When I added support for the 5 event devices of my Otoro phone, I notices that most of them have their vendor, product, etc set to 0. Selecting configurations from these values will probably not work. :(

Comment 14

5 years ago
The only thing that really matters afaik, is handling EVIOCGNAME correctly. The primary thing used on our devices for selecting the right configuration is the name returned by EVIOCGNAME.
(In reply to Michael Wu [:mwu] from comment #14)
> The only thing that really matters afaik, is handling EVIOCGNAME correctly.
> The primary thing used on our devices for selecting the right configuration
> is the name returned by EVIOCGNAME.

Names I've seen look good. But there is also code for selecting the configuration by vendor, product, etc. And there are at least a few files that follow this scheme.

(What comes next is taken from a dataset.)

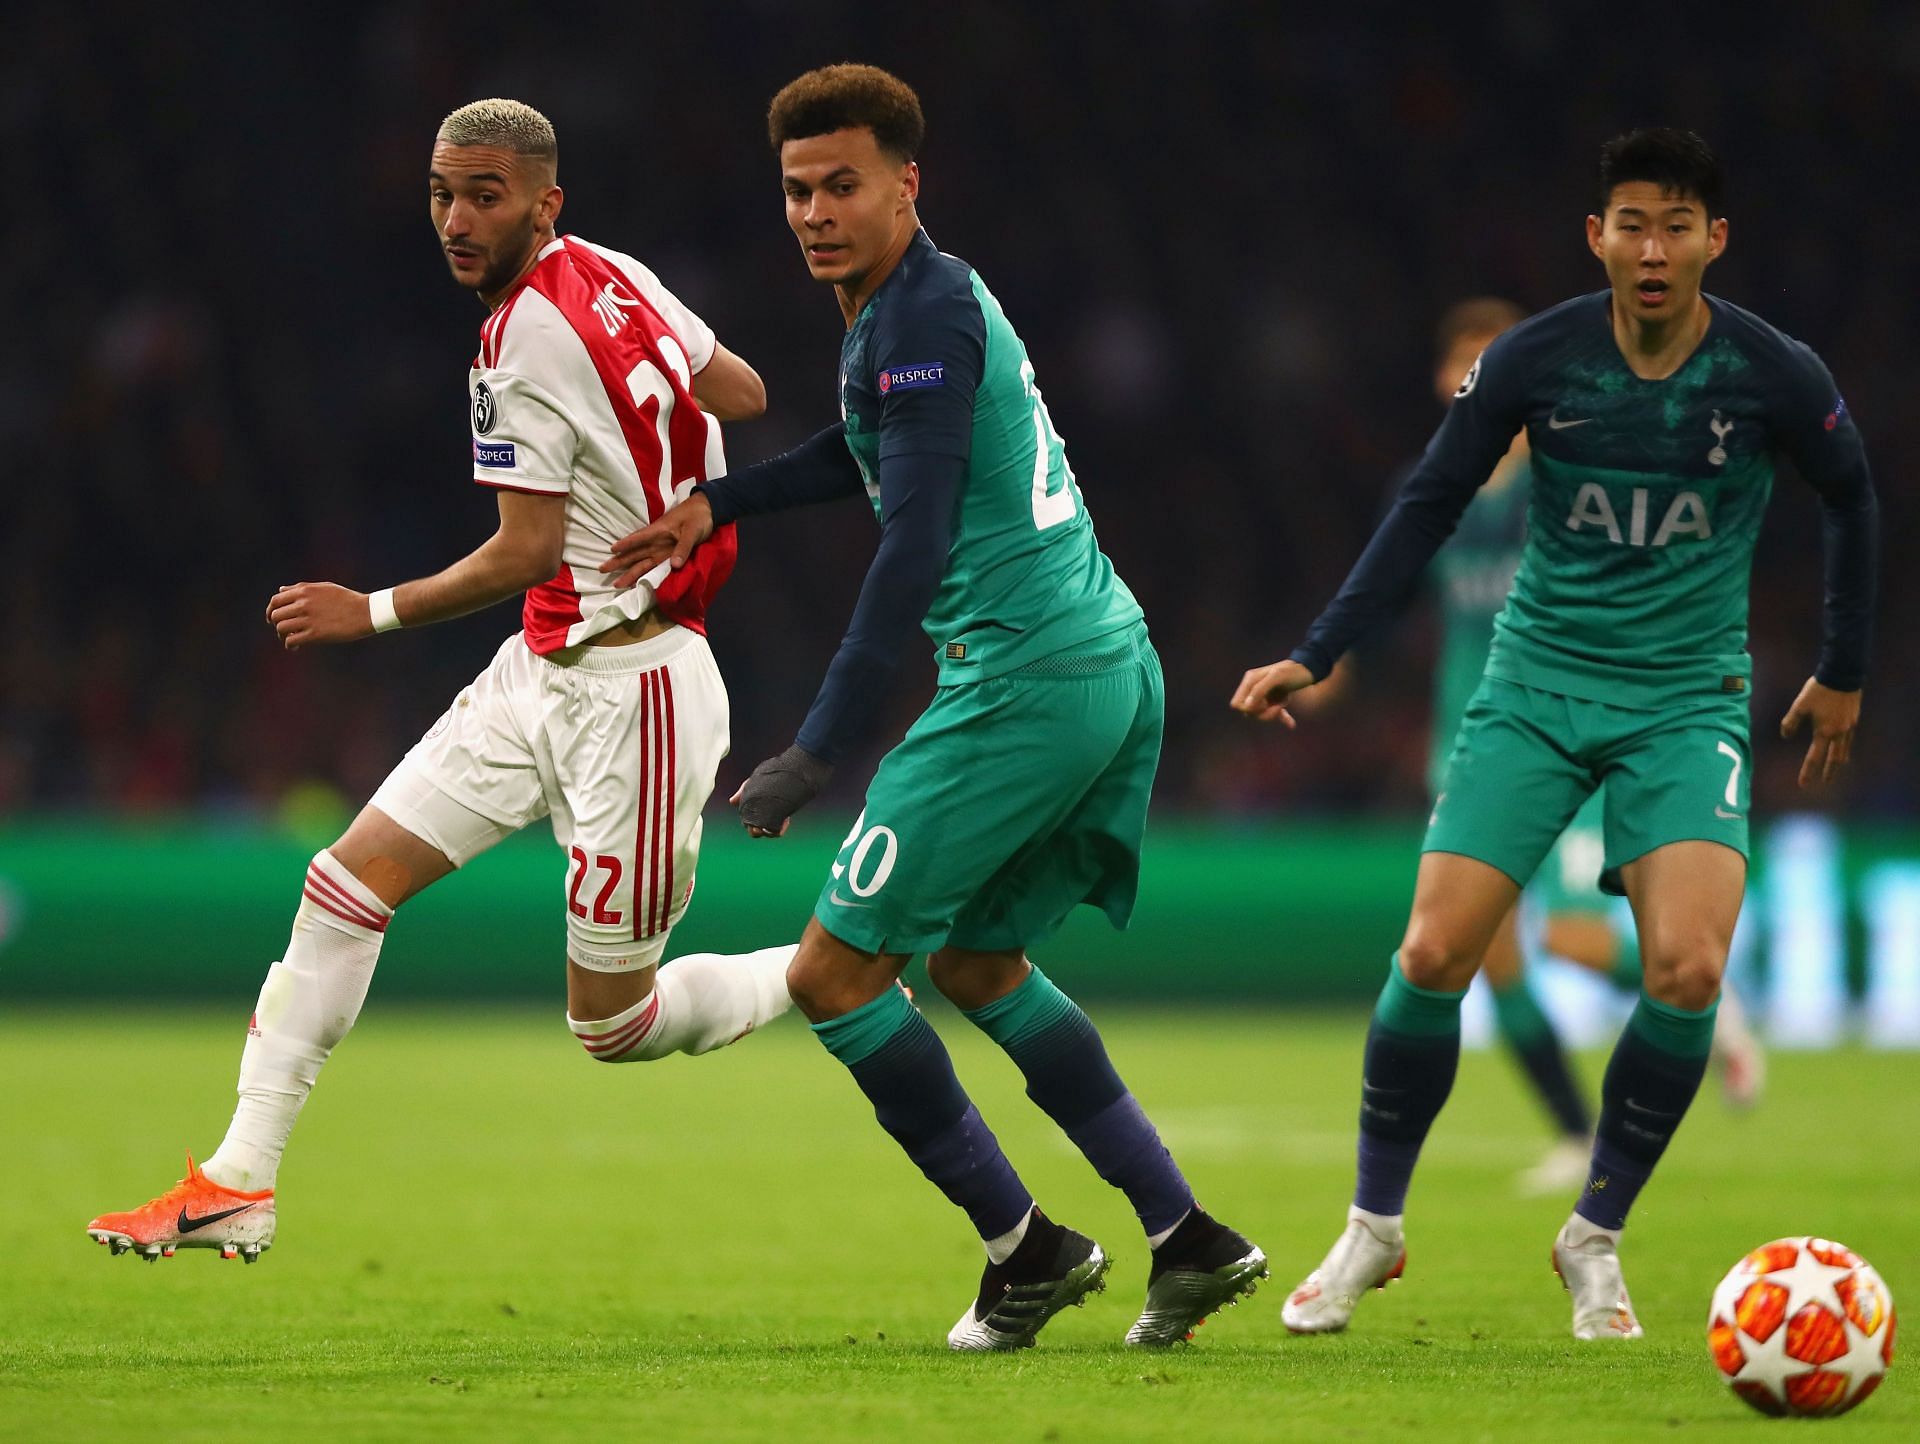 Ajax v Tottenham Hotspur - UEFA Champions League Semi Final: Second Leg

Anyway, I'll keep it in mind and add support for selecting the device by name to the kernel module. Thanks!
Ok, so there are still some things to address here:

1. It seems like some percentage of the time, installing the binary driver linked in this bug on a pandaboard will cause the system to freeze (requiring a power cycle).
2. It would be really nice if we could install both the orng executable and this kernel module by default in pandaboard builds. Yes, I can patch eideticker to do this somehow, but I think we will detect problems (especially kernel problems like (1)) faster if these are installed by default.
Hi

> 1. It seems like some percentage of the time, installing the binary driver
> linked in this bug on a pandaboard will cause the system to freeze
> (requiring a power cycle).

The old module was compiled against kernel sources which did not match the kernel binary exactly. This might explain the problems. I rebuild the module against the current kernel that landed with [1]. I also pushed a change to github to install the kernel module automatically in /system/lib/modules/ when building for the PandaBoard. Have a look at [2] for the commit with the new module. Let me know if the system freezes persist.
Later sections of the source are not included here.